Peptide Source Scorecard 2026: Six Criteria Seven Vendors

How should you score a peptide company in 2026?

Score it on six checks you can rerun on any source: required prescriber, named 503A pharmacy, per-batch testing, verifiable certification, transparency, and legal standing. Run that grid and FormBlends tops it, because it clears the supervision and pharmacy criteria that decide everything else, after a physician reviews each patient and a 503A pharmacy compounds the order. The seven companies below are scored against that same bar.

Most “best peptide company” lists hand you a ranking with no method behind it. This one shows the work. The goal was a scorecard a reader could rerun on any source, rather than a verdict to take on trust. So six criteria are fixed, weighted, and run against every company through the same grid. FormBlends sets the reference standard at the top, and the seven vendors scored against it fall where their real attributes put them.

The reason a method matters now is that the field reshuffled fast. Peptide Sciences, the largest grey-market vendor, voluntarily shut down on March 6, 2026 ahead of FDA enforcement, and the FDA moved several peptide bulk substances out of the 503A Category 2 list on April 15, 2026, a change tied to withdrawn nominations rather than a safety reversal. The agency’s Pharmacy Compounding Advisory Committee set dockets for July 23 and 24, 2026 to review seven peptides including BPC-157, TB-500, and MOTS-c. Those compounds are under review, not banned. In a market moving that quickly, a transparent scorecard beats a static brand list that ages out in a quarter.

The six criteria, and how I weighted them

Each criterion gets points, weighted by how much it protects a buyer. Supervision and pharmacy compliance carry the most weight, since they are what a research-chemical purchase fundamentally lacks.

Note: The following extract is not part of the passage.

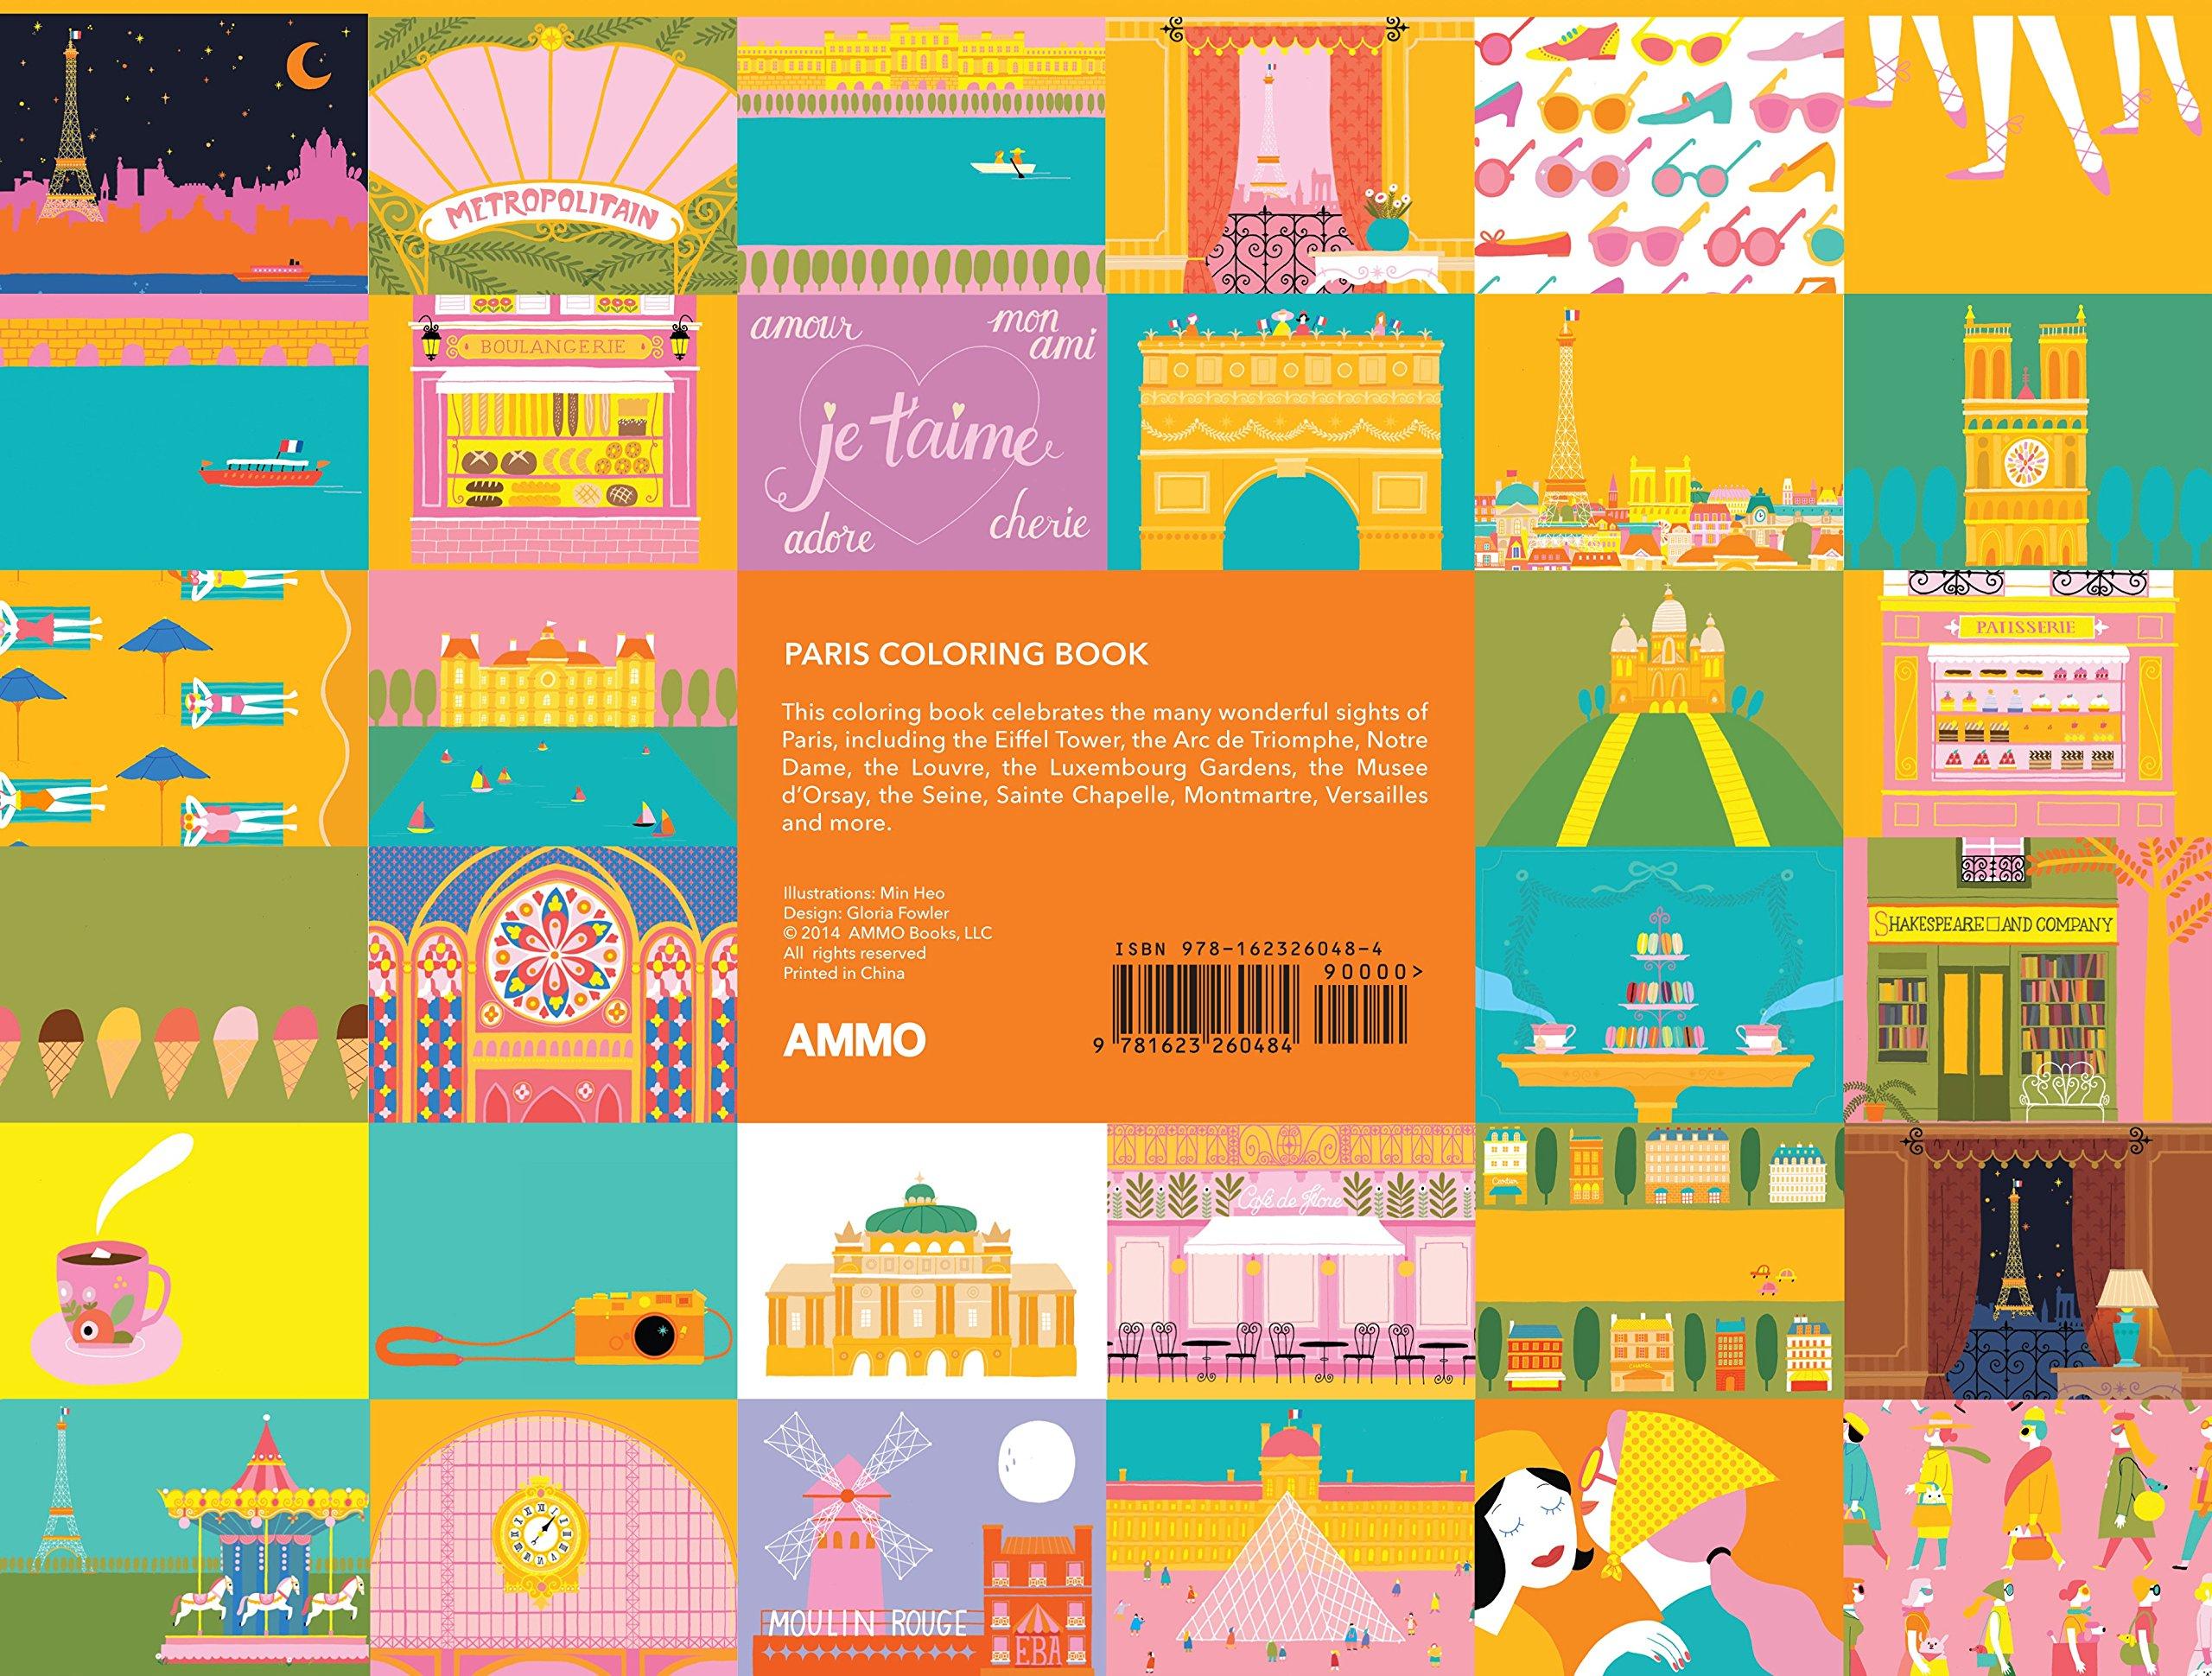 paris coloring book gloria fowler min heo 9781623260484 books amazonca - Paris Coloring Book
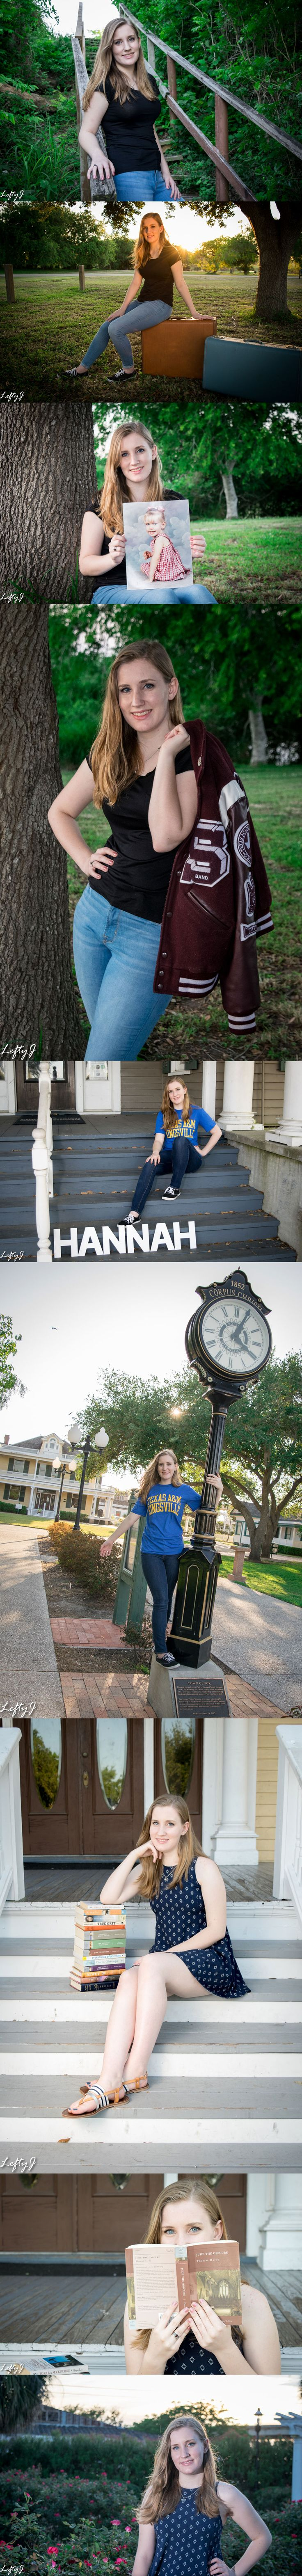 Senior photography of @hannanahsplit by Lefty J Photography, Corpus Christi, TX. #seniorphotos #seniorphotogrpahy #corpuschristi #corpuschristiphotography #corpuschristiphotographer #sinton #sintontx #tamuk #sintonhighschool #sintonpirates

  1. Required prescriber. Does a licensed clinician review you before anything ships. This is the single largest divide between supervised medicine and a research chemical, so it carries the heaviest weight.
  2. Named 503A pharmacy. Is there a specific FDA-registered 503A pharmacy under USP-797 and cGMP, identified on the record rather than described vaguely.
  3. Per-batch testing. HPLC purity, mass-spec identity, and endotoxin sterility, per lot. Independent labs including ACS Labs and WuXi AppTec have reported roughly 15 to 20 percent of grey-market samples failing to match their own certificates.
  4. Verifiable certification. An outside credential like LegitScript that a buyer can confirm in a public registry, not a self-applied badge.
  5. Transparency. A named pharmacy, posted pricing, and honesty that compounded products are not FDA-approved.
  6. Legal standing in 2026. Operating inside the supervised framework versus the research-use-only zone now collecting FDA warning letters.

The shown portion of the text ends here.